#### [Problem details]
Once you reach the line with "Austria-Fans protestieren mit" below, copy each line exactly, stopping after the line with "1959, Les Ménines", and skip any pictures.
(Material provided)
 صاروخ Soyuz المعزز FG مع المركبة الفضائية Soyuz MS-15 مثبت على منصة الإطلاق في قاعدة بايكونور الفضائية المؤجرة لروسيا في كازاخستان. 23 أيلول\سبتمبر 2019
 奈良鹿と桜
(End Material provided)
(Material provided)
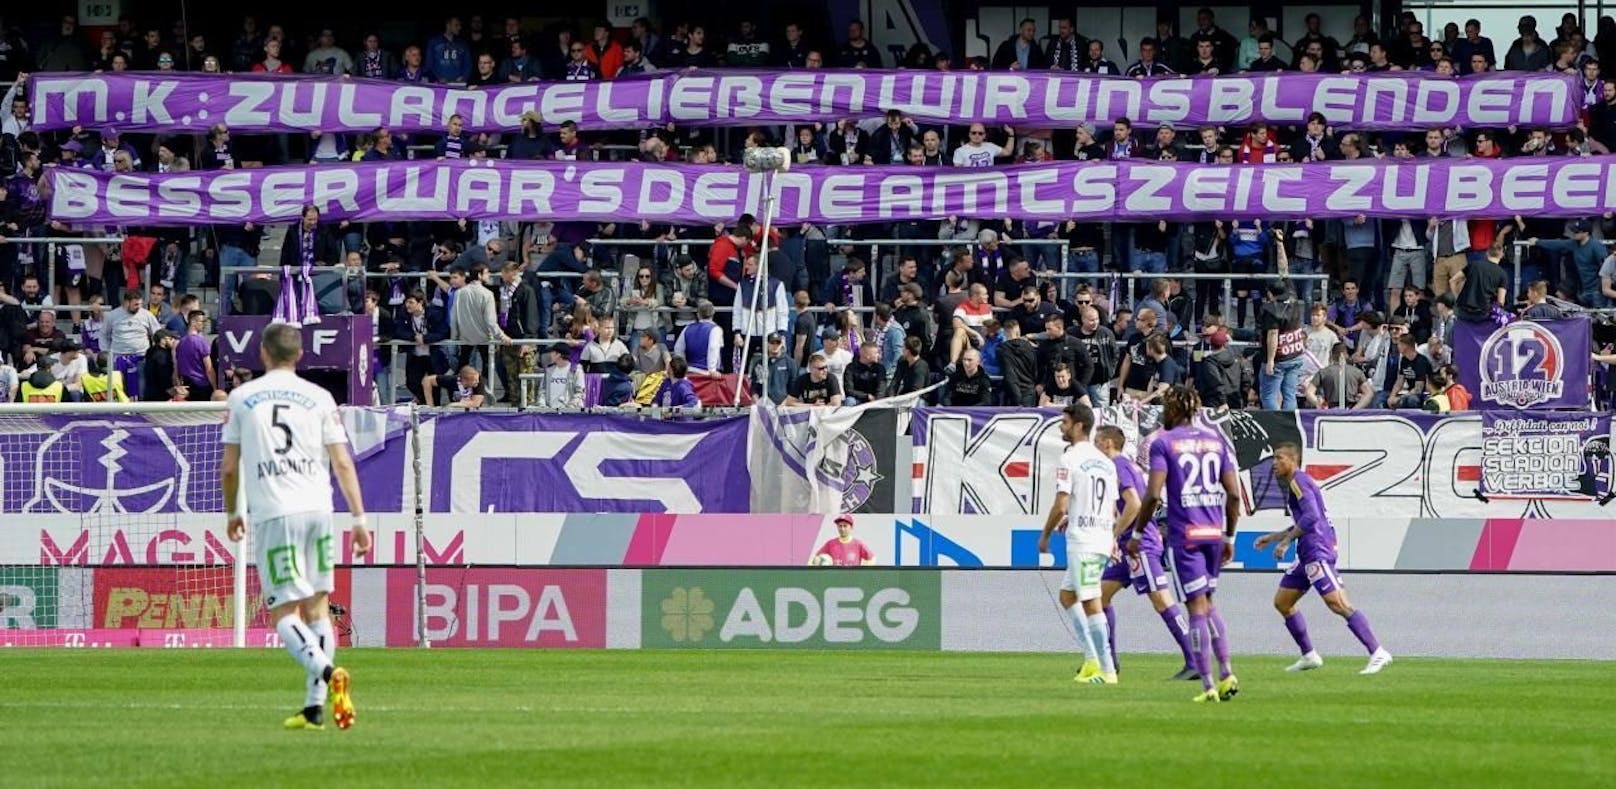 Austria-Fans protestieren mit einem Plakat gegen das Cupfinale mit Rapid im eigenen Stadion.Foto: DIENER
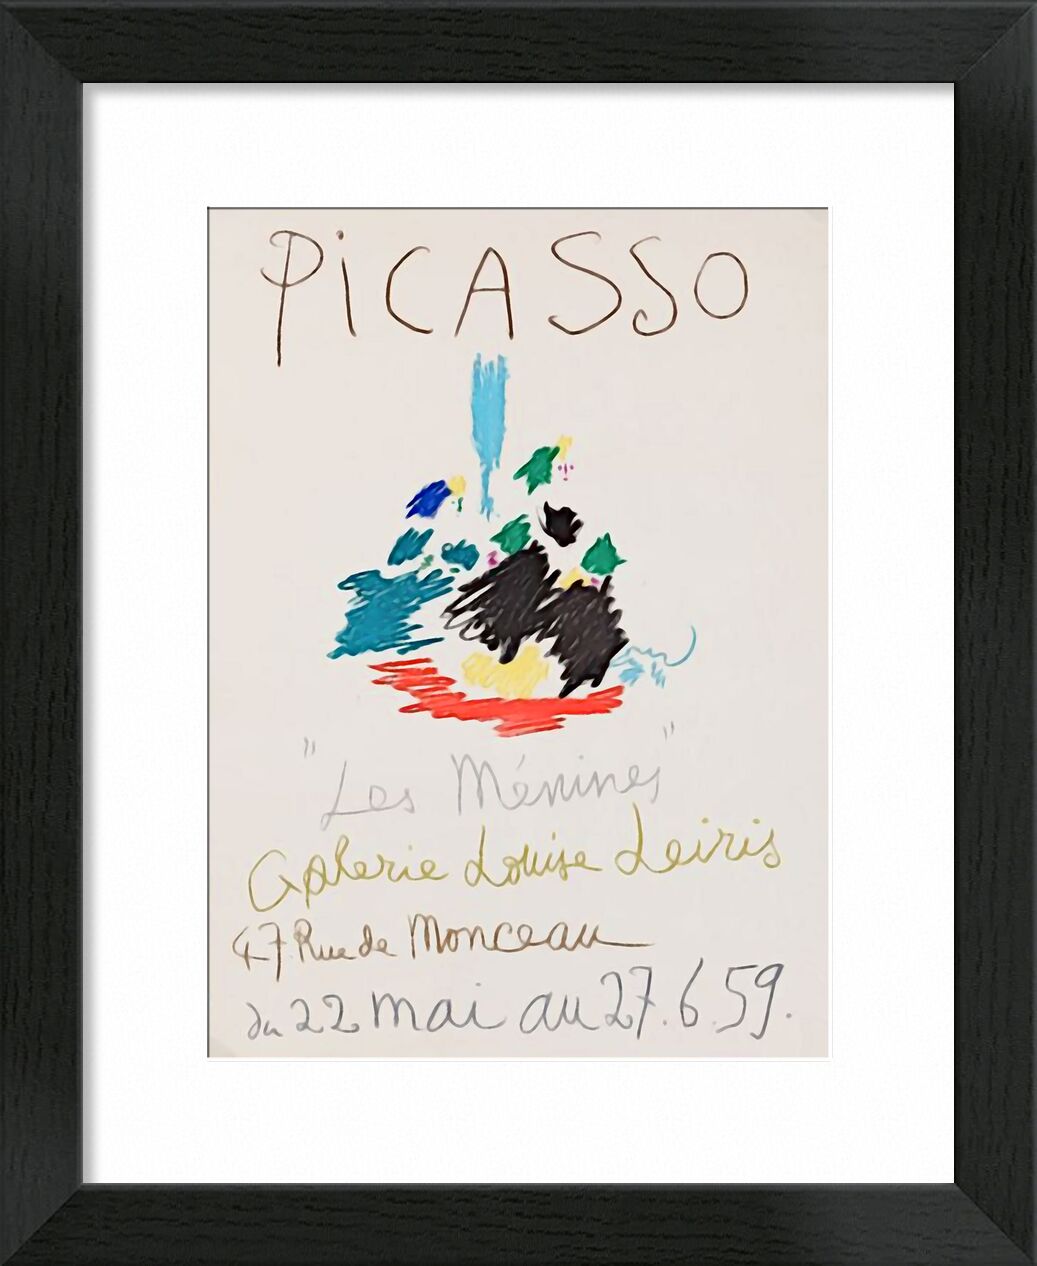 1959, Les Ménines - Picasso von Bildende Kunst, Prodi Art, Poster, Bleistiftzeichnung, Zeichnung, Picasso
(End Material provided)
#### [Exercise response]
 Austria-Fans protestieren mit einem Plakat gegen das Cupfinale mit Rapid im eigenen Stadion.Foto: DIENER
 1959, Les Ménines - Picasso von Bildende Kunst, Prodi Art, Poster, Bleistiftzeichnung, Zeichnung, Picasso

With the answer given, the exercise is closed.